The Flintstones: On the Rocks is a 2001 American animated made-for-television film featuring characters from The Flintstones franchise. It debuted on November 3, 2001 on Cartoon Network and was directed by Chris Savino and David Smith. It was dedicated to Hoyt Curtin (longtime Hanna-Barbera conductor and composer) and William Hanna (creator of The Flintstones and founder of Hanna-Barbera Productions with partner Joseph Barbera). This film was the last Flintstones production until the direct-to-video film The Flintstones & WWE: Stone Age SmackDown!. In addition to the show's traditional animation style the film also featured stop-motion animation 

It is the only Flintstones production to be produced by Cartoon Network Studios after Hanna-Barbera was absorbed into Warner Bros. Animation in 2001 (Warner Bros. later re-acquired Cartoon Network Studios from Turner Broadcasting System, reuniting Cartoon Network Studios with Warner Bros. Animation, on March 4, 2019). In format, the movie was intended to emulate the first 2 seasons of the 1960s series, which was distinctly more mature and aimed at older audiences than the later seasons, and therefore chose to focus more on the relationships between the original core cast of Fred, Barney, Wilma and Betty. The story of the film is set before the birth of Pebbles, at a time Fred and Wilma Flintstone's marriage is troubled, prompting the Rubbles to take them to Rockapulco for their anniversary vacation, to save their marriage. But while there, Fred and Wilma both find themselves tempted in other directions.

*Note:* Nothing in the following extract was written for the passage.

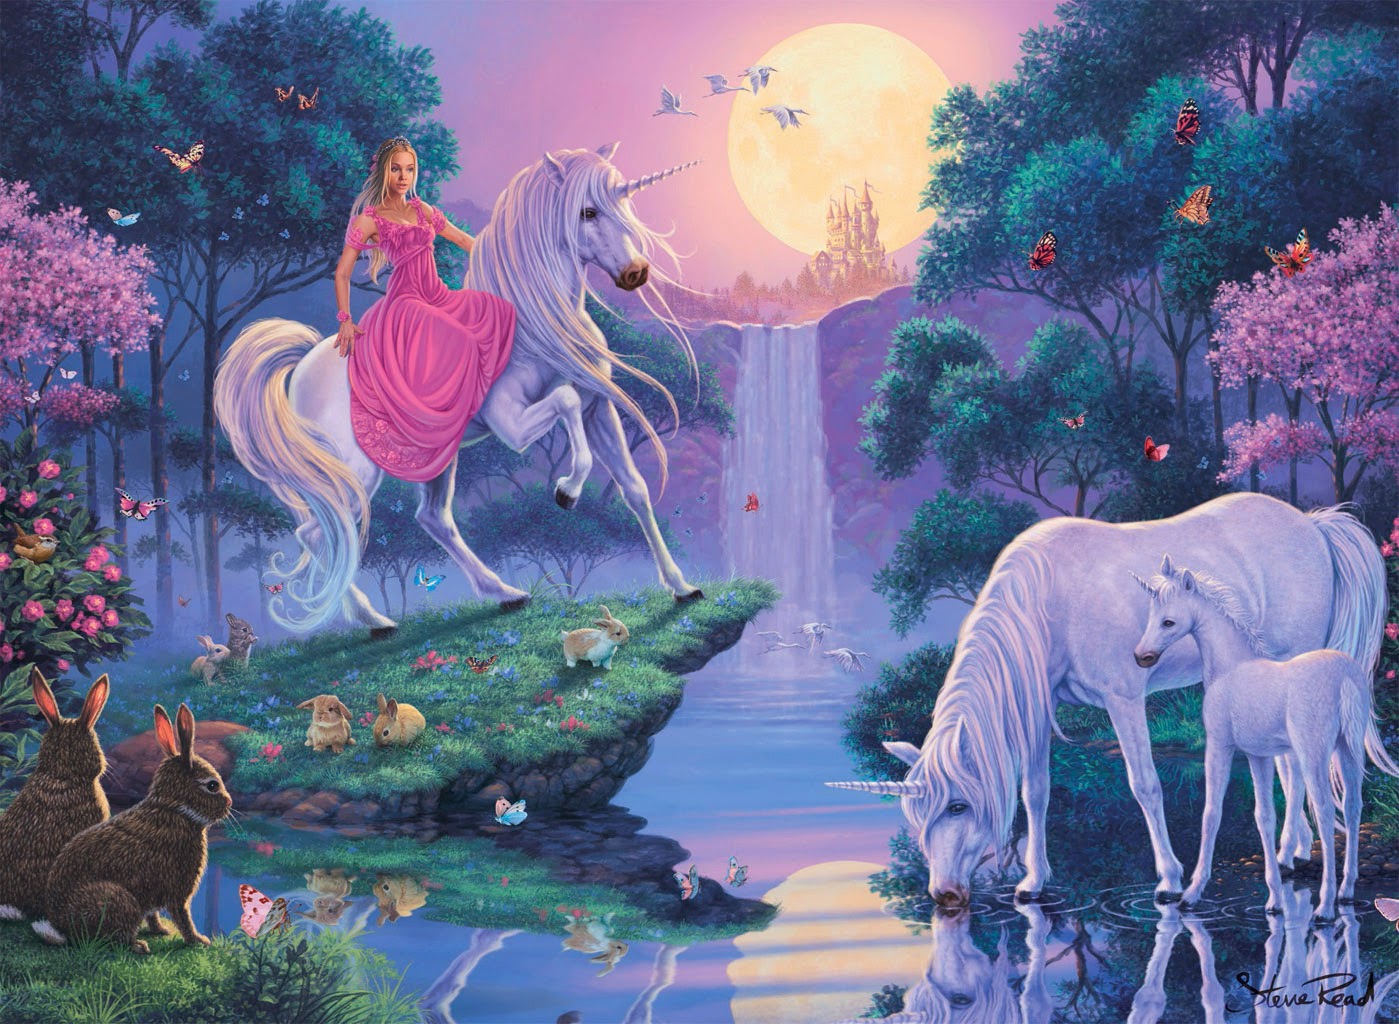 Princess Riding Unicorn Fairy Tale World Kingdom Image For Girls

Since its original broadcast, the movie has not been released on home video, though bootleg copies exist on various torrent sites.

Plot 
Fred and Wilma's marriage is in serious jeopardy, as Wilma is growing tired of Fred's attitude, especially while Barney and Betty are enjoying a happy life well into their marriage, to the point that a visit to a family therapist results in a physical altercation between Fred and Wilma. On Fred and Wilma's anniversary, which they both forgot, the Rubbles arrange a trip to Rockapulco in an attempt to save the Flintstones' marriage.

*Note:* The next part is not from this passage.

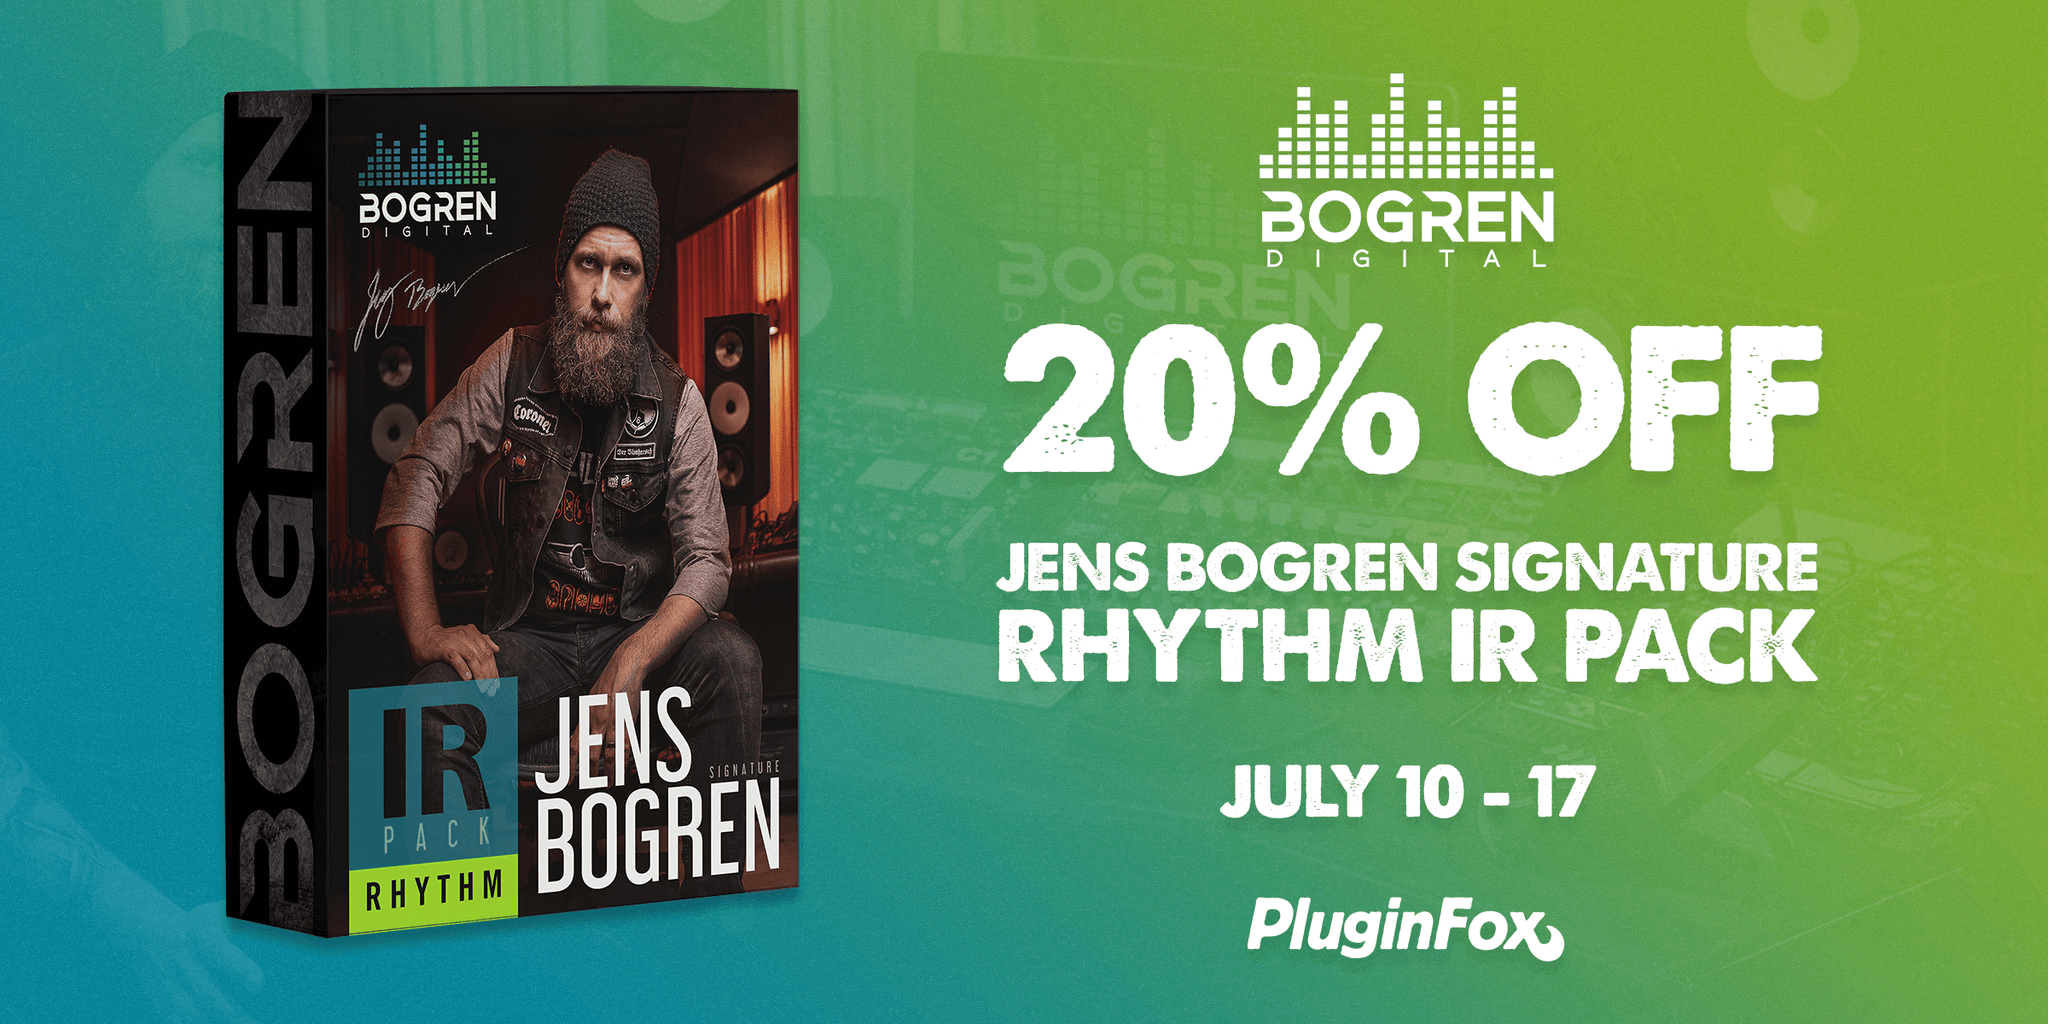 Bogren Digital Intro Sale - July 10-17

Shortly after their arrival, a thief, Xavier, steals a diamond from a jewelry store and is chased by the guard into the same hotel the Flintstones and Rubbles are staying at. In the ensuing chaos, Xavier's bag is switched with Wilma's, and that's when he immediately begins plotting to get the diamond back. At first, things do not improve between Fred and Wilma, to the point that Wilma lashes out at Fred and very nearly decides to divorce him, but when she stumbles across the diamond in her suitcase and, assuming that Fred bought it as a surprise present, she quickly makes up with him. Capitalizing on the circumstances, Fred goes along with the charade, but finds that their newfound passion is short-lived, as Fred's demeanor slowly puts Wilma off again. While spying on Wilma, Xavier notices this and masquerades as a suave Englishman in order to woo Wilma by inviting her to dinner. Wilma accepts the invitation and spends time with Xavier.

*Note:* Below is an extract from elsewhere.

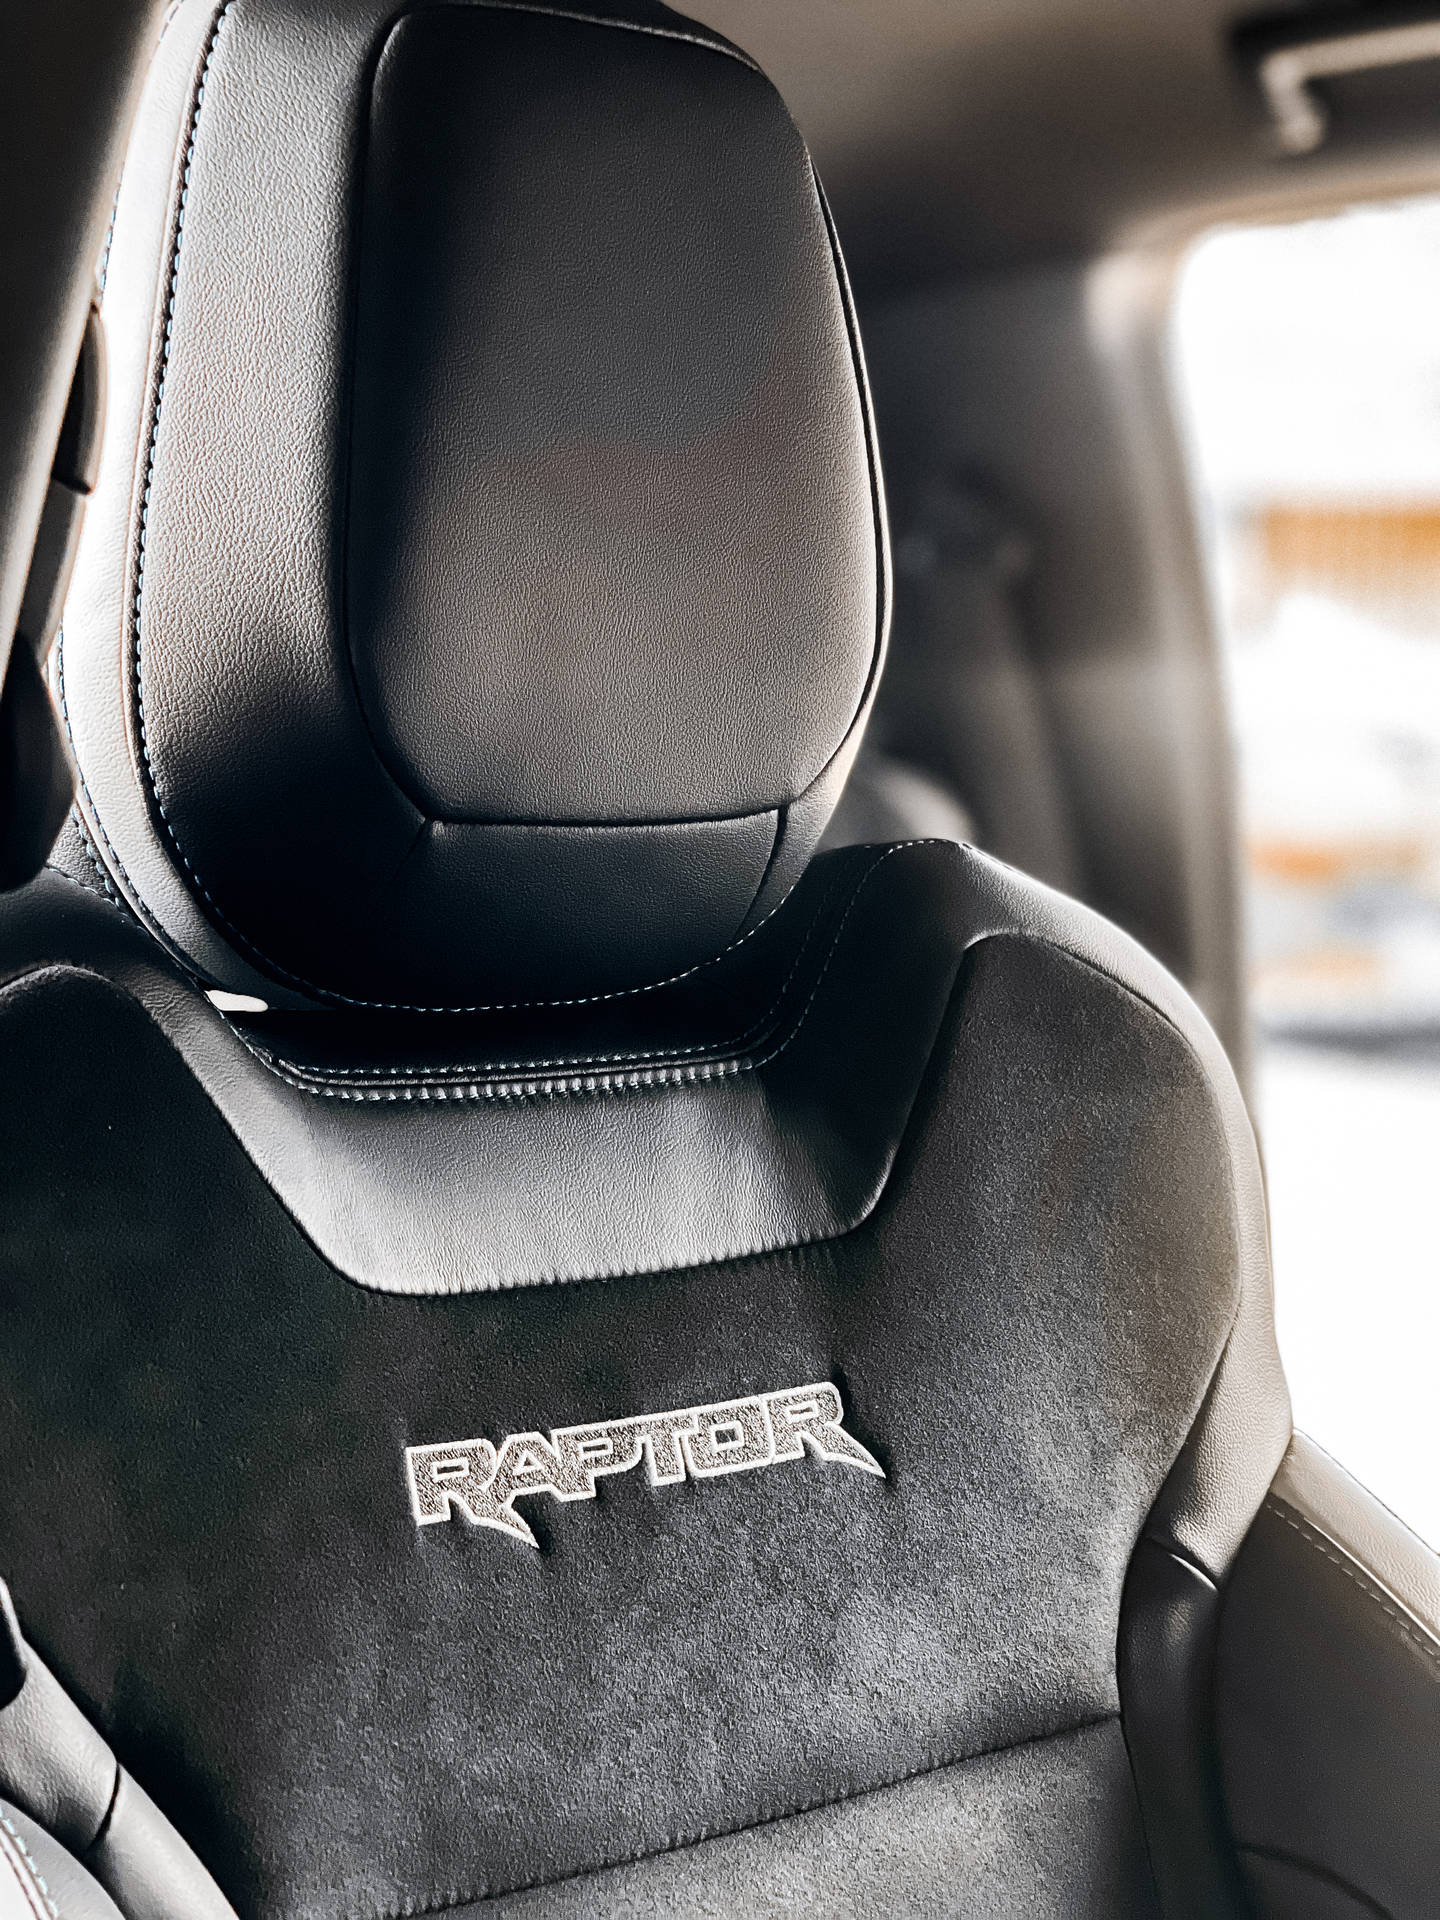 Ford Raptor Black Leather Seat

Fred, feeling guilty, decides to make it up to Wilma, but catches her from afar with Xavier and is heartbroken, and he starts to drink himself silly while speaking with another attractive woman at the bar. Wilma rebuffs Xavier's advances out of loyalty to Fred, but changes her mind when she sees him with the lady. While dancing, however, Xavier reveals his true intentions and attempts to take the diamond from Wilma, who was wearing it as a necklace. A chase ensues throughout the ballroom with Fred, Barney and Xavier each trying to get the diamond, but fails when it eventually falls into Wilma's hands, prompting Xavier to abduct her and flee in his car. The ensuing car chase eventually leads to a bridge above a volcano, where Xavier threatens to kill Wilma if she does not hand the diamond over. Fred appears and gives a passionate speech about how he has not realized until now that even though he was not rich enough to buy the diamond, he is still the richest man in the world just by having Wilma as his wife.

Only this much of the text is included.